Maybe a captcha would do the trick.

No, these are humans. Often it's a serial vandal the admin has blocked. To get revenge they'll send dozens (hundreds in some cases) of password reset emails to the admin. A CAPTCHA will slow them down only (and you can imagine that someone who is so bored they would take the time to send hundreds of such emails would solve the CAPTCHAs and keep on going). The whole point is to *stop* them.

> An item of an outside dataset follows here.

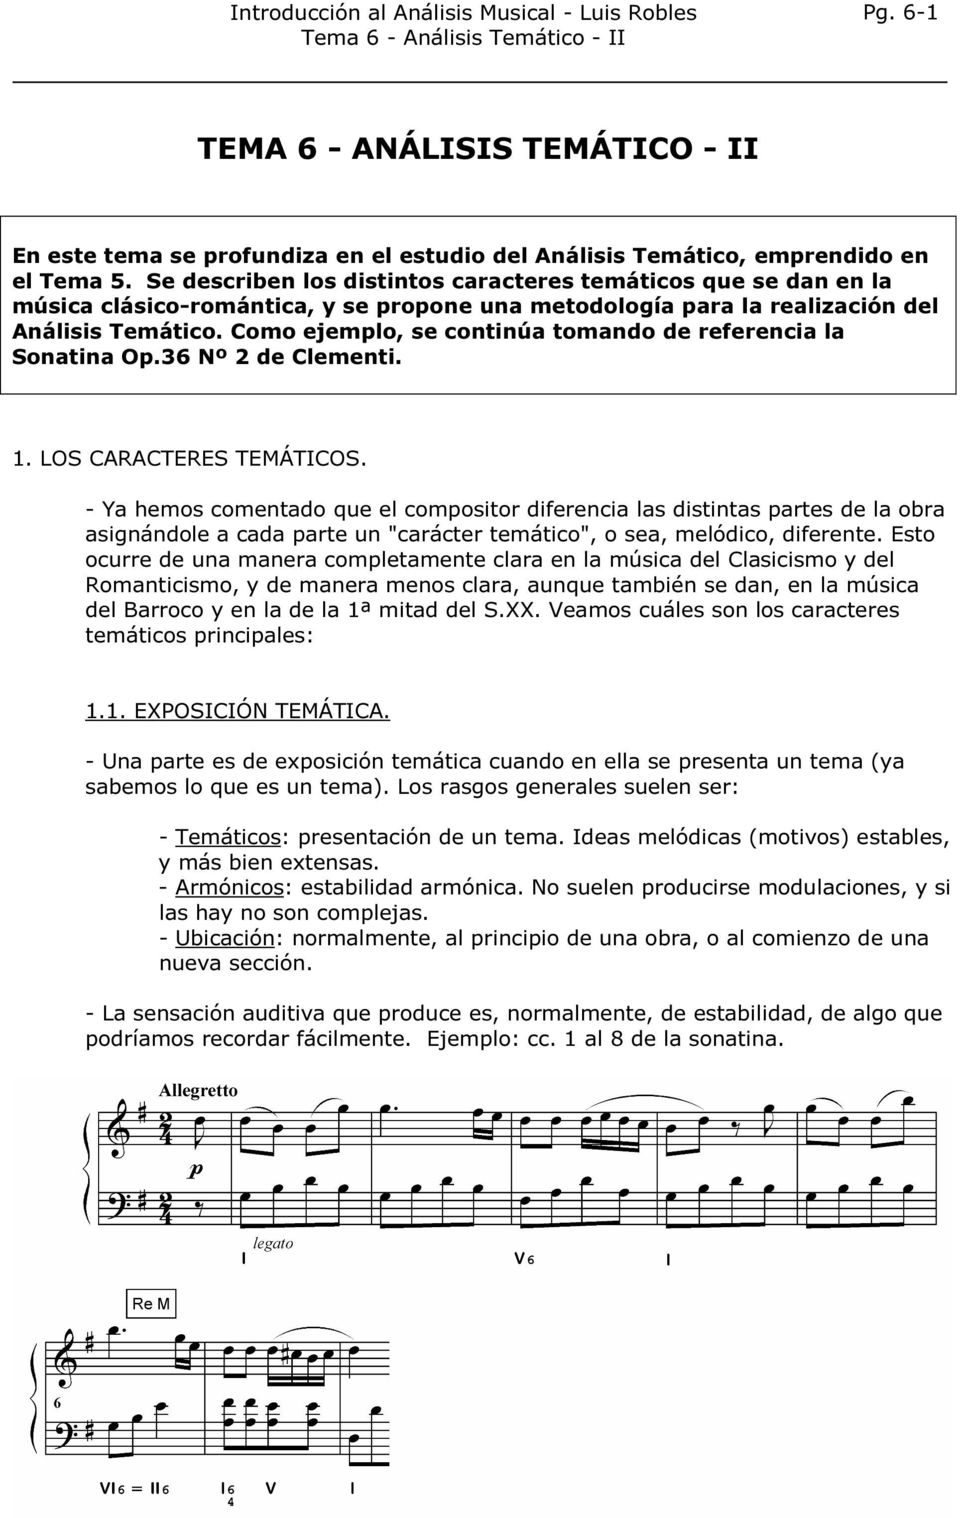 Como ejemplo, se continúa tomando de referencia la Sonatina Op.36 Nº 2 de Clementi. 1. LOS CARACTERES TEMÁTICOS.

Well, in that case, a good start would be to limit it to one or two emails per day.

majorly.wiki wrote:

(In reply to comment #6)

Well, in that case, a good start would be to limit it to one or two emails per
day.

Or none at all, from certain IPs, if they abuse it.

mike.lifeguard+bugs wrote:

(In reply to comment #7)

(In reply to comment #6)

Well, in that case, a good start would be to limit it to one or two emails per
day.

Or none at all, from certain IPs, if they abuse it.

That's the key. Allowing slow abuse instead of fast is not the solution (and could conceivably block legitimate use of the feature). We should really be able to block the IP from just email bombing via Special:UserLogin on an as-needed basis.

(In reply to comment #8)

(In reply to comment #7)

(In reply to comment #6)

Well, in that case, a good start would be to limit it to one or two emails per
day.

Or none at all, from certain IPs, if they abuse it.

That's the key. Allowing slow abuse instead of fast is not the solution (and
could conceivably block legitimate use of the feature). We should really be
able to block the IP from just email bombing via Special:UserLogin on an
as-needed basis.

Sure, but since IPs are mostly dynamic, the admin would have to ask it to a steward... each time (each day or more often if the bombers change their IPs).
So, with one or two emails per day (or per 7 days, since the new password is good for that time), the admin could get even less emails than with IP blocking.

overlordq wrote:

Well it's limited to one every 24 hours out of the box, is this disabled on WMF wikis or have a lower delay?

See r17217

fr33kman wrote:

I also fully support this feature and am getting these requests also. Surely such activity as requesting someone's password is also a legal issue?

(In reply to comment #10)

Well it's limited to one every 24 hours out of the box, is this disabled on WMF
wikis or have a lower delay?
See r17217

I can confirm that it works.

(In reply to comment #11)

I also fully support this feature and am getting these requests also. Surely
such activity as requesting someone's password is also a legal issue?

I really don't think that blocking IPs would be useful, unless the requests are triggered by the same IPs for more than a day.

Maybe inscreasing the minimum time between requests to the new password lifespan (7 days) could be considered.

On Wikimedia wikis, I believe this is the relevant info:

'wgRateLimits' => array(

'default' => array(
    'mailpassword' => array(
        // 5 password reminders per hour per IP
        'ip'     => array( 5, 3600 ),
    ),
),

),

From http://noc.wikimedia.org/conf/highlight.php?file=InitialiseSettings.php

mike.lifeguard+bugs wrote:

(In reply to comment #13)

On Wikimedia wikis, I believe this is the relevant info:
'wgRateLimits' => array(

'default' => array(
    'mailpassword' => array(
        // 5 password reminders per hour per IP
        'ip'     => array( 5, 3600 ),
    ),
),

),
From http://noc.wikimedia.org/conf/highlight.php?file=InitialiseSettings.php

OK, so this is just a shell request I guess. Can we please have something like

//5 password reminders per 2 days per IP
'ip' => array(5, 172800),

I don't think that'd pose any problems for people who have legitimately lost their password.

I believe the rate is intentionally as 'high' as it is because there were legitimate uses of the password reset feature being hit so many times per IP in an hour (e.g., shared IPs).

I think the correct answer here is to complement the current system with a number of hits per requestee per day, a limit which could be pretty low and not harm anything, in my opinion.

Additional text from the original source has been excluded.